Los constructores y las autoridades olvidan que los Cerros Orientales de Bogotá son el principal patrimonio paisajístico y ambiental de la ciudad. No por nada en cualquier publicidad pensada para visitantes extranjeros casi siempre aparece el Cerro de Monserrate como síntesis de esos cerros. Además, pocas ciudades en el mundo tienen un patrimonio así: guardadas las proporciones, se cuentan con los dedos de la mano ciudades como Caracas, Río de Janeiro, Ciudad del Cabo o Hong Kong.
Doña Alcira, de 45 años, lamenta no solo la depredación de la montaña en Usaquén, sino la forma en que estamos hipotecando el planeta a futuro: “La naturaleza se está acabando y asimismo estamos acabando con el planeta. Ya nuestros hijos cuando estén grandes no van a tener dónde vivir y para conseguir otro planeta igual está como muy difícil, increíble de creer”.
“Todo eso es plata y donde hay plata todo mundo se salta las normas. A ellos no les importa talar toda esa montaña si tienen el bolsillo lleno. Ese es el problema. Piensan en ellos y los demás no les importan”, añade.
Con las autoridades, doña Alcira también se siente muy decepcionada. “Ellos no miran el bien común y nada de eso. La ley como siempre es nomás para los de ruana”.

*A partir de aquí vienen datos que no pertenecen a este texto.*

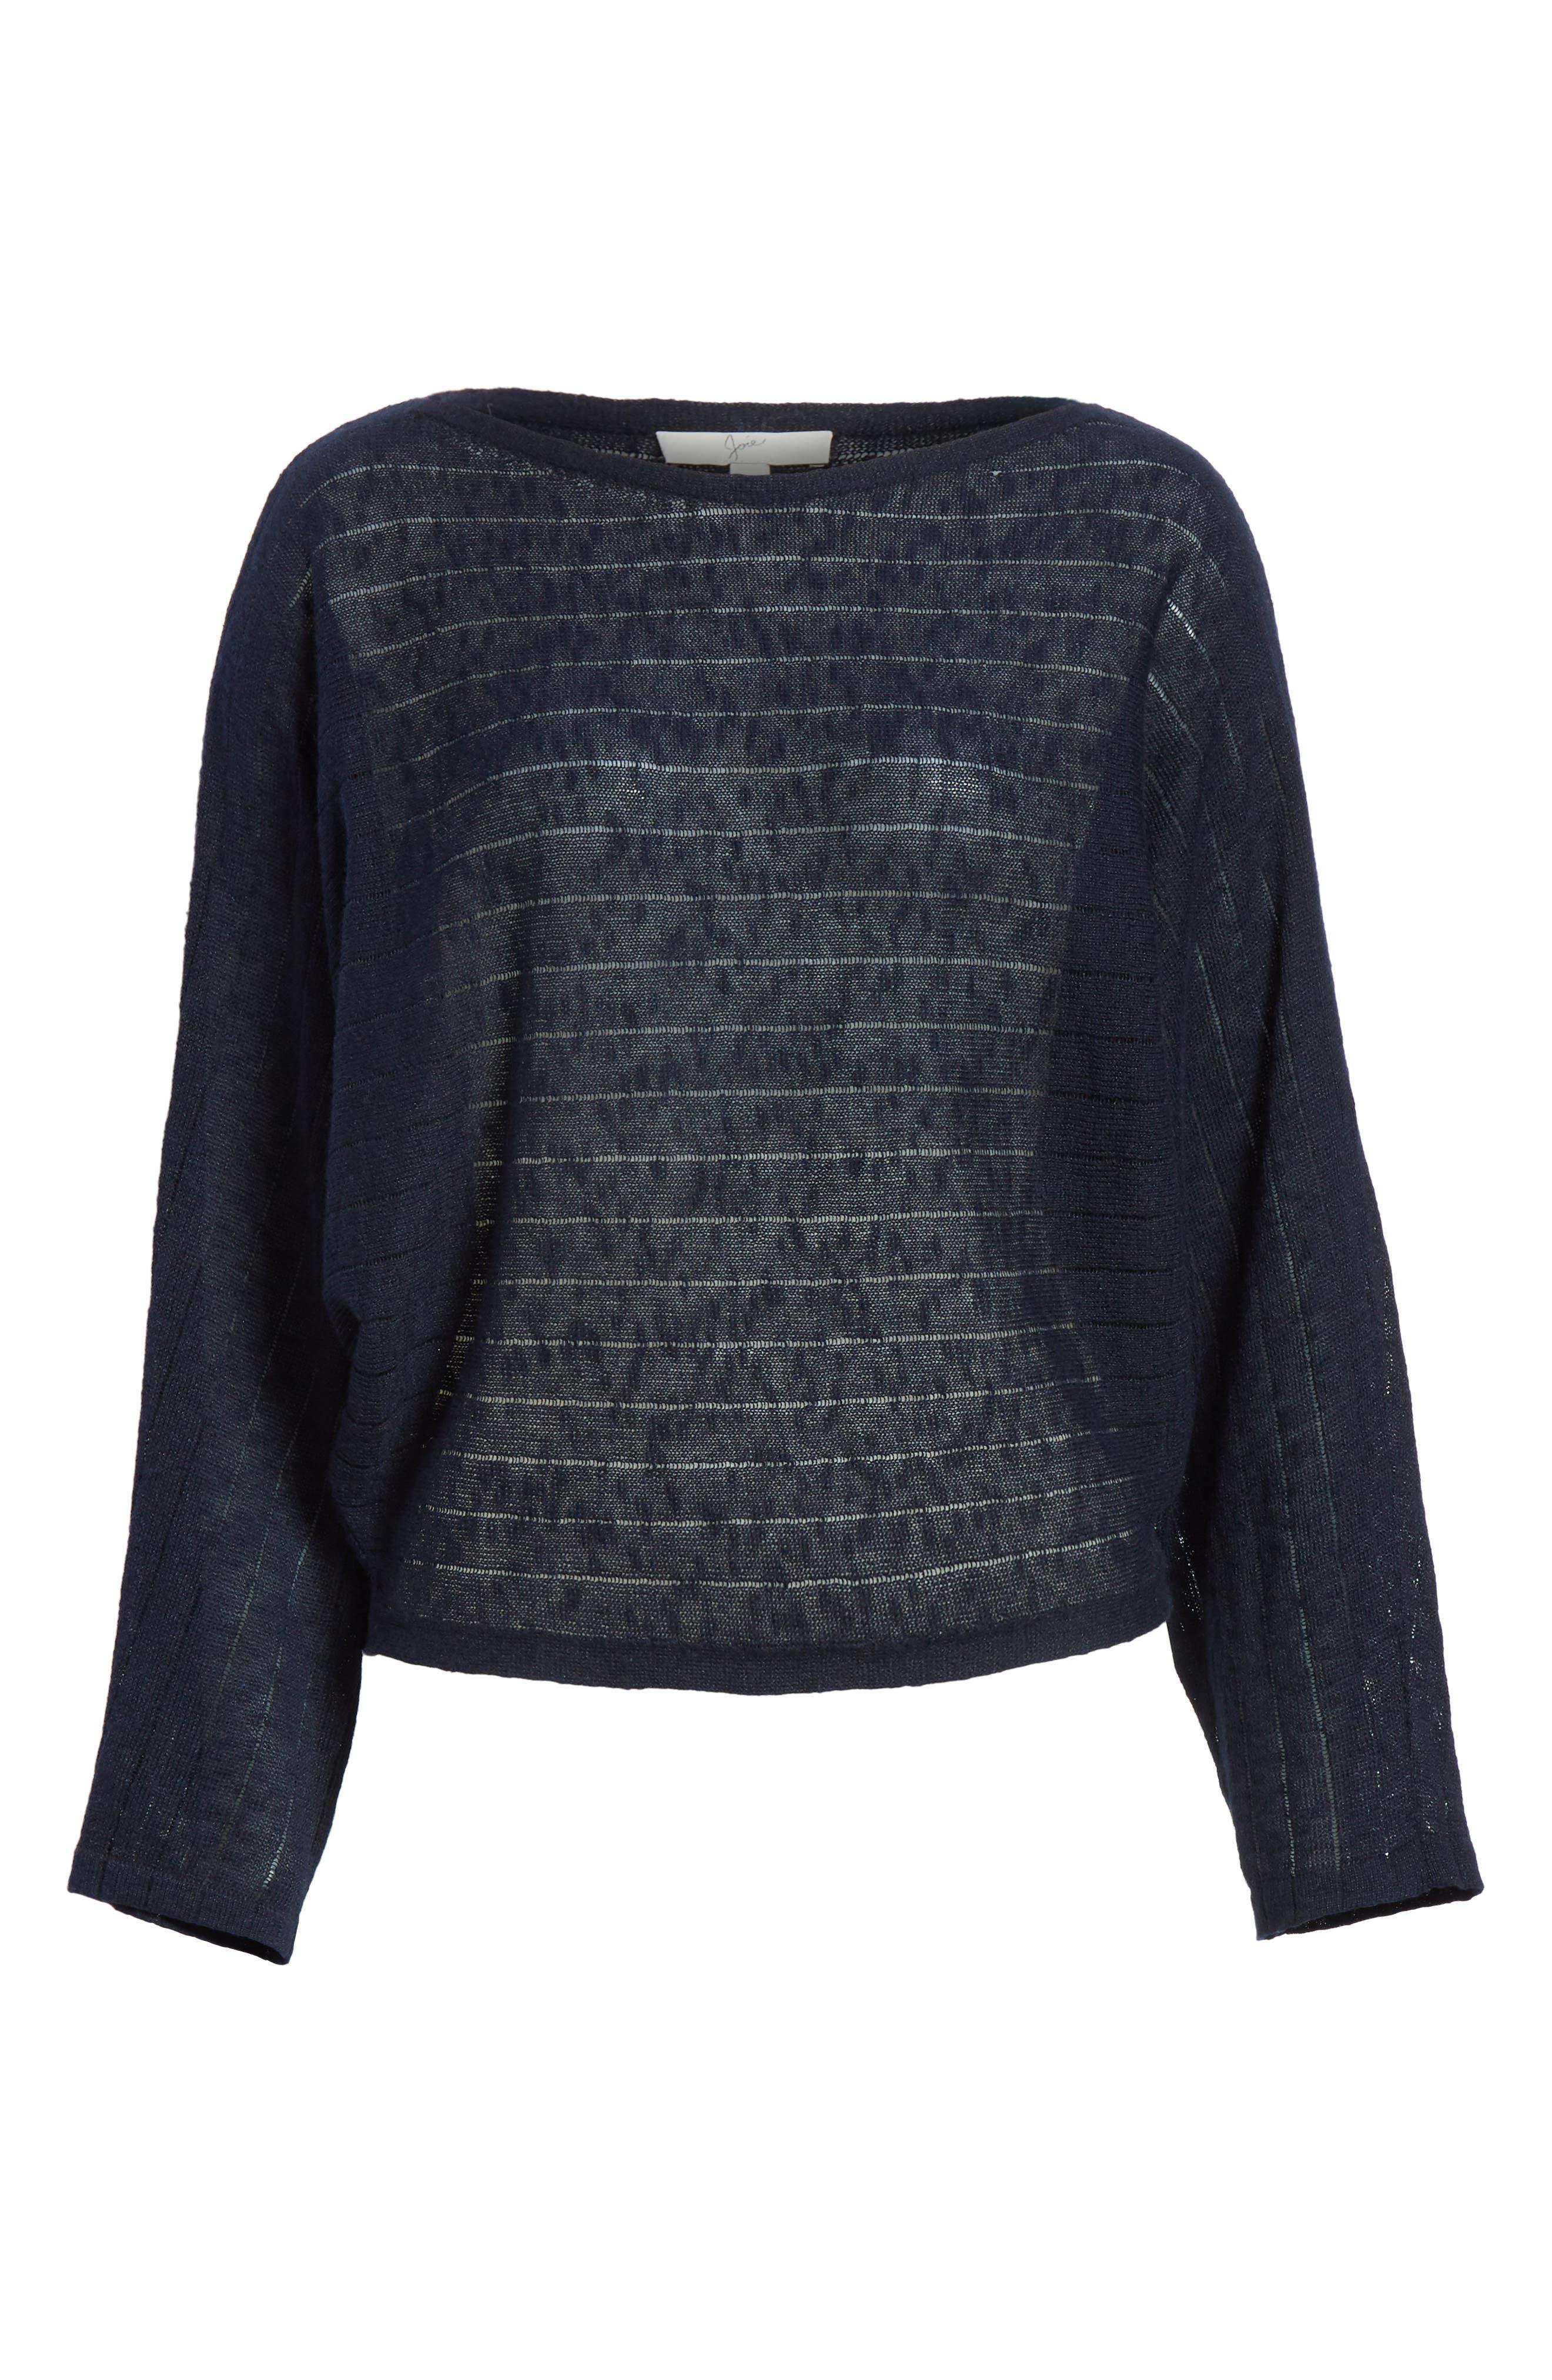 Ramie Cotton Sweater,                             Alternate thumbnail 6, color,                             306

El artículo 58 de la Constitución colombiana subraya que la propiedad es una función social a la que le es inherente la función ecológica, pero en un laberinto de acciones jurídicas, matrículas inmobiliarias, licencias de construcción y resoluciones administrativas tanto constructores como curadores y autoridades han perdido de vista lo que la Constitución y el más básico sentido común dictan: la importancia de cuidar y preservar la naturaleza.